▶ [The task] Below are the records; give again exactly the lines from the one containing "Closed box of" through the one containing "fca video Margin", leaving out pictures.

▶ [Provided data]
------------------------------------
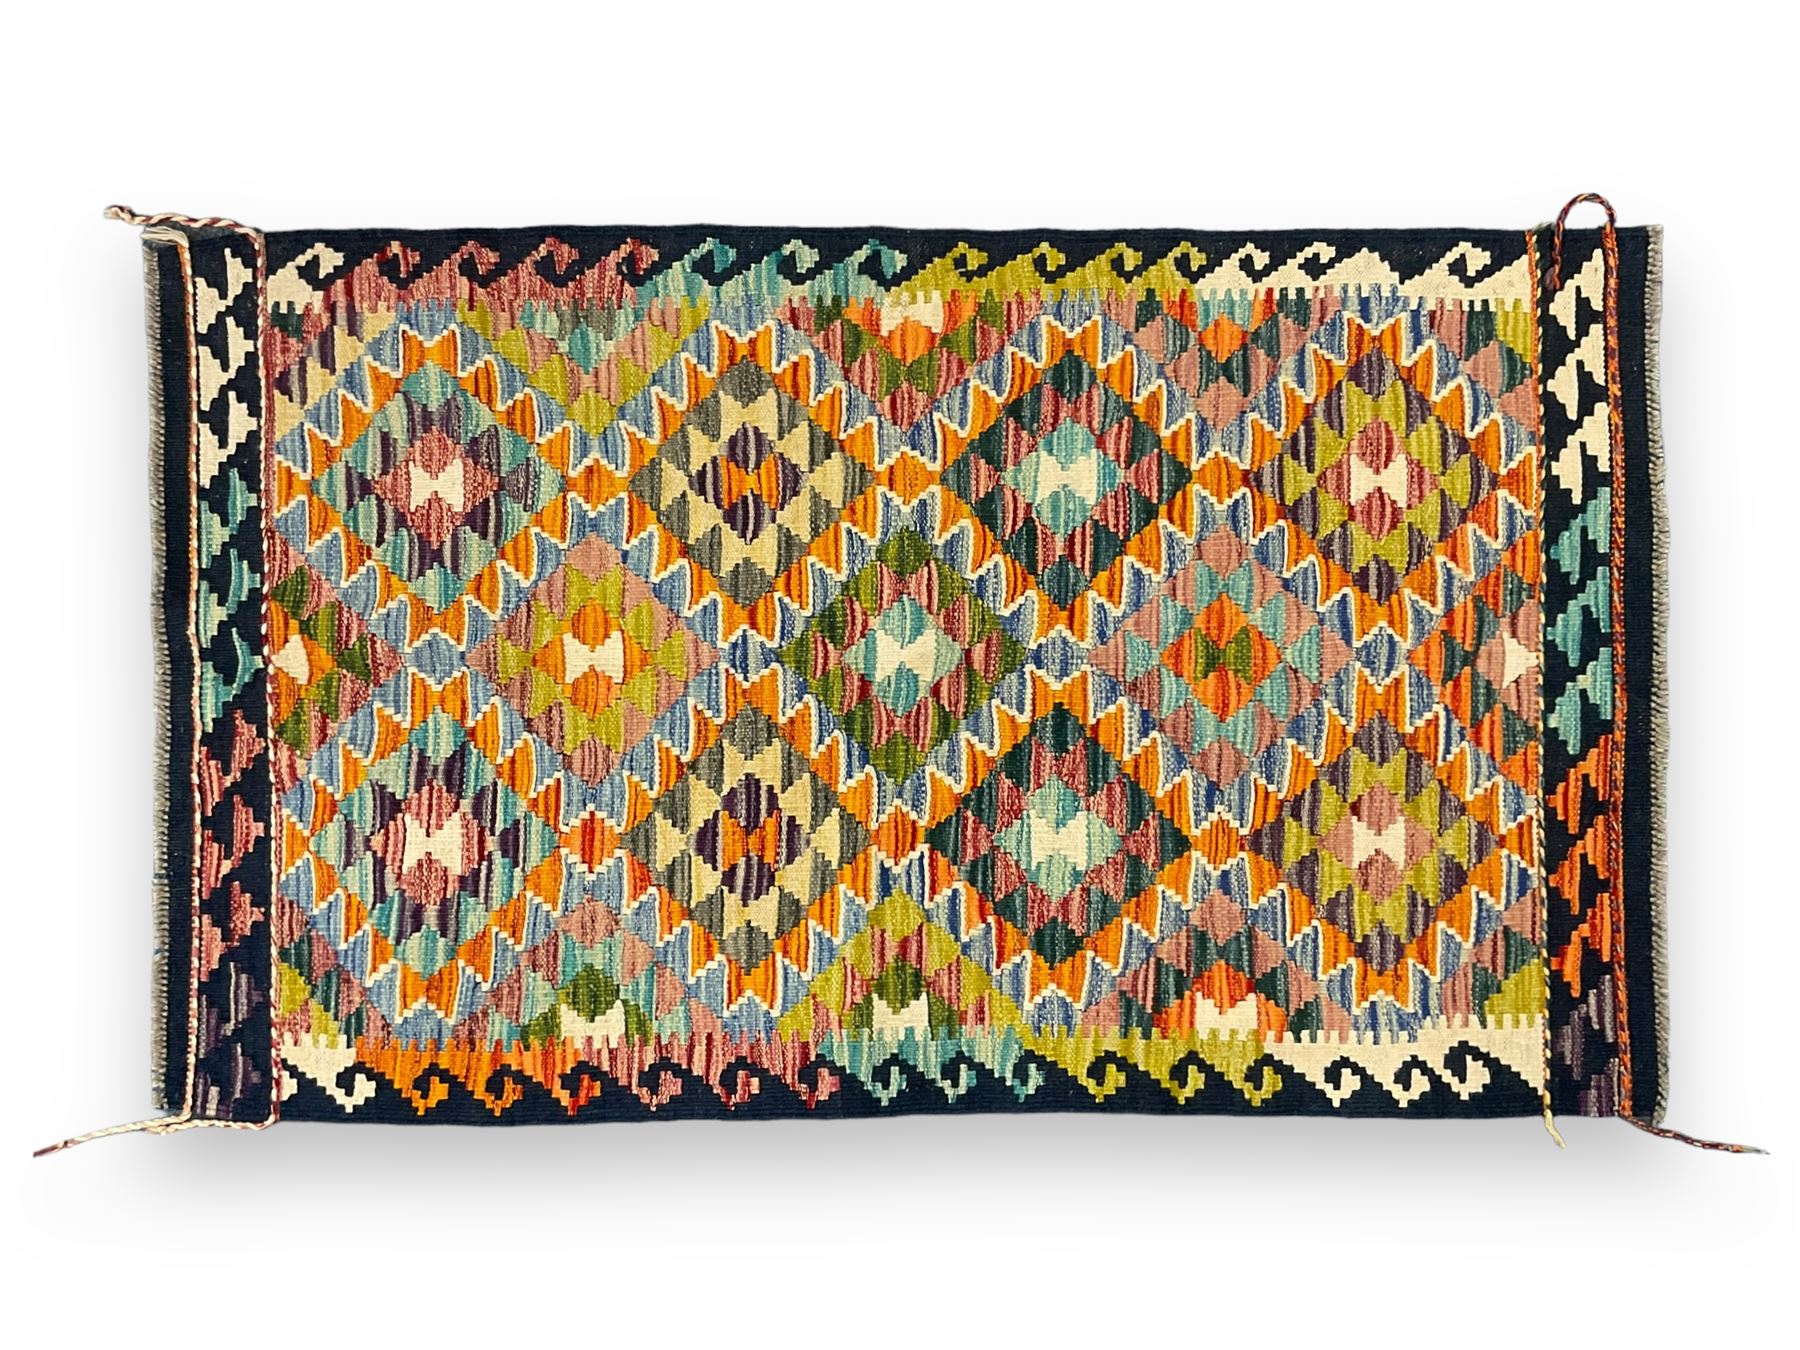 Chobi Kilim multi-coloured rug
------------------------------------
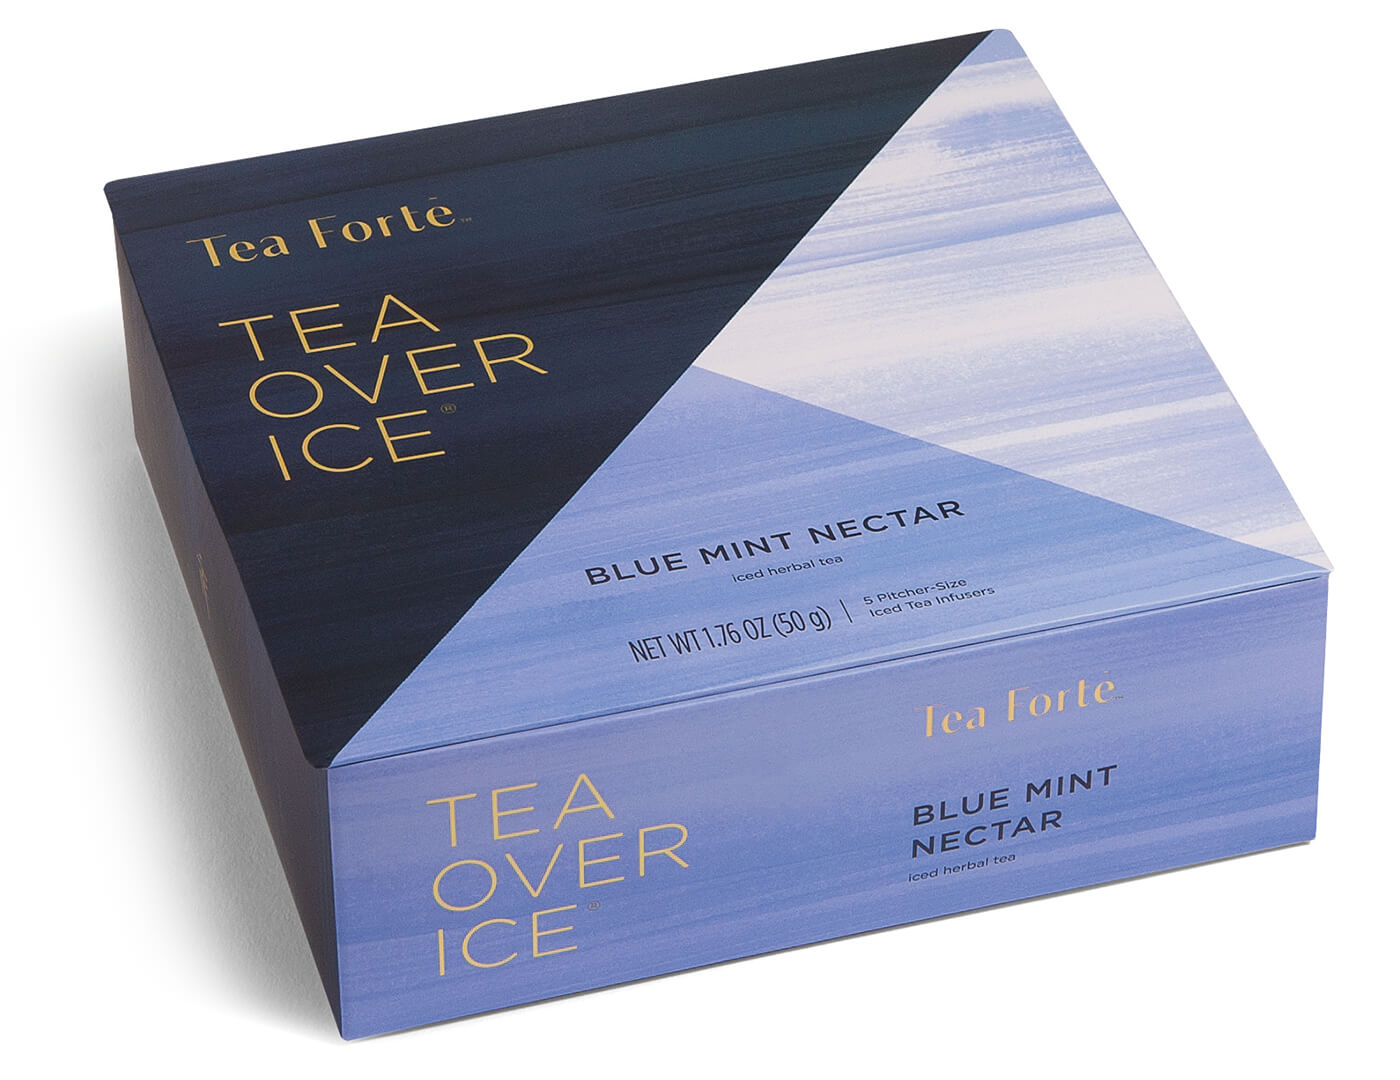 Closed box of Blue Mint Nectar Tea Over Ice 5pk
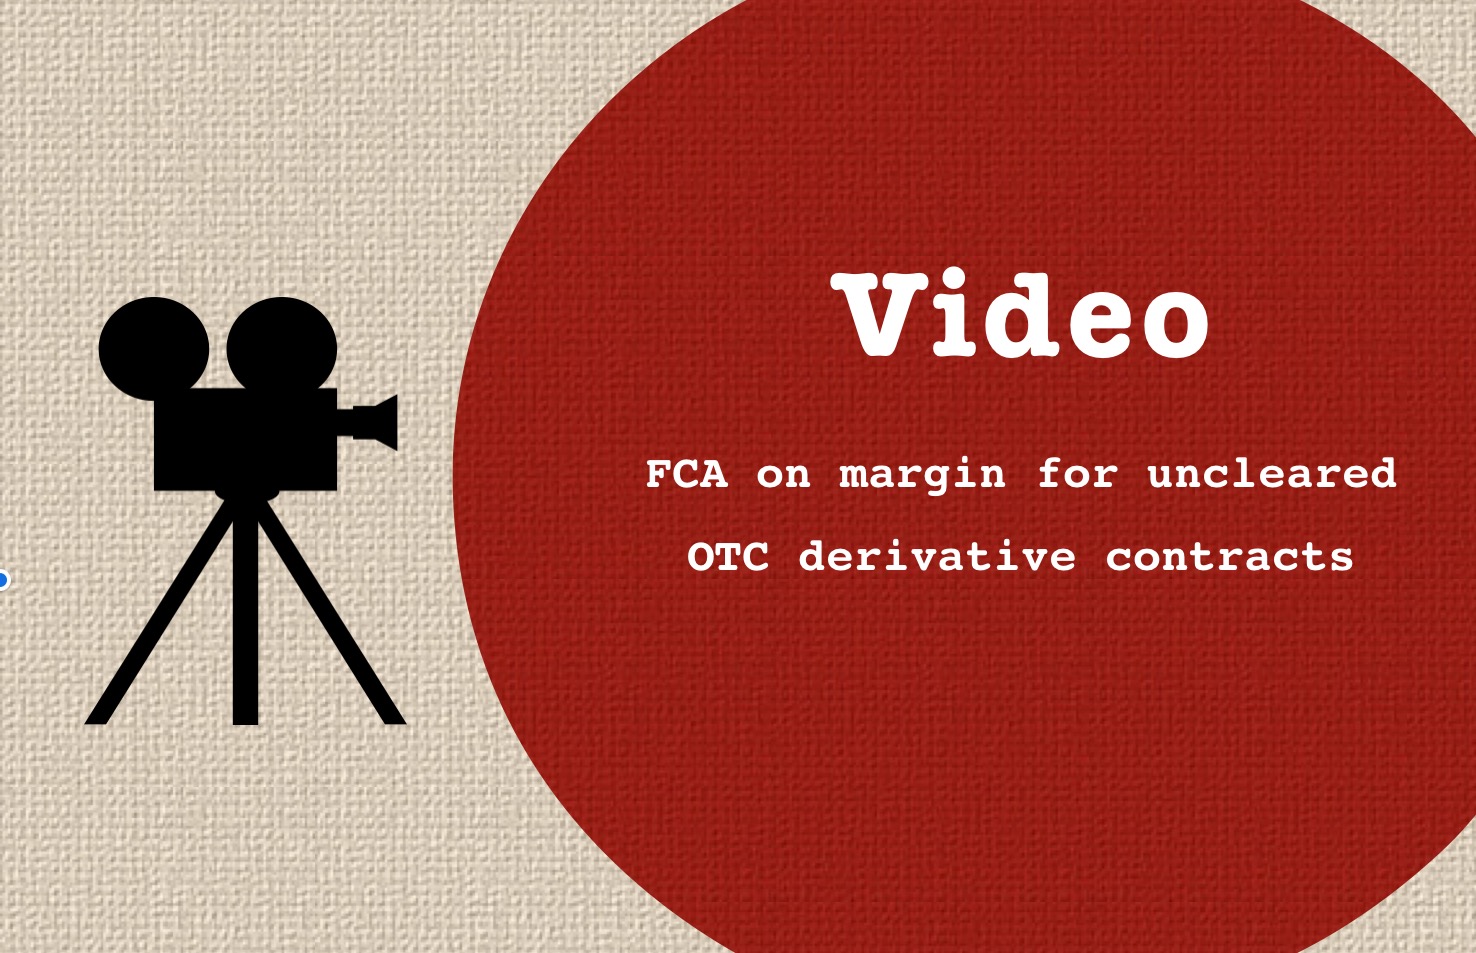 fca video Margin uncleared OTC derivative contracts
------------------------------------
▶ [Answer for the task]
 Closed box of Blue Mint Nectar Tea Over Ice 5pk
 fca video Margin uncleared OTC derivative contracts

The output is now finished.